§ HOW TO COMPLETE THIS TASK
Only a slice of the listing below is wanted. Retype the lines from the one containing "L'ours polaire (Ursus" through the one containing "KeepCup Analysis essay", exactly, both ends included.

§ GIVEN ENTRIES
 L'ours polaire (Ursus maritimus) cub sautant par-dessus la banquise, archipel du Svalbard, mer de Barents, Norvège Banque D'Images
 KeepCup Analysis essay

==

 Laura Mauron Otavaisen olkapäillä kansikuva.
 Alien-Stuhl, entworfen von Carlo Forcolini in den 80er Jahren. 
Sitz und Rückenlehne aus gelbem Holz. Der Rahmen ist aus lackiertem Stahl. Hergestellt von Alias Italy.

§ TASK RESPONSE
 L'ours polaire (Ursus maritimus) cub sautant par-dessus la banquise, archipel du Svalbard, mer de Barents, Norvège Banque D'Images
 KeepCup Analysis essay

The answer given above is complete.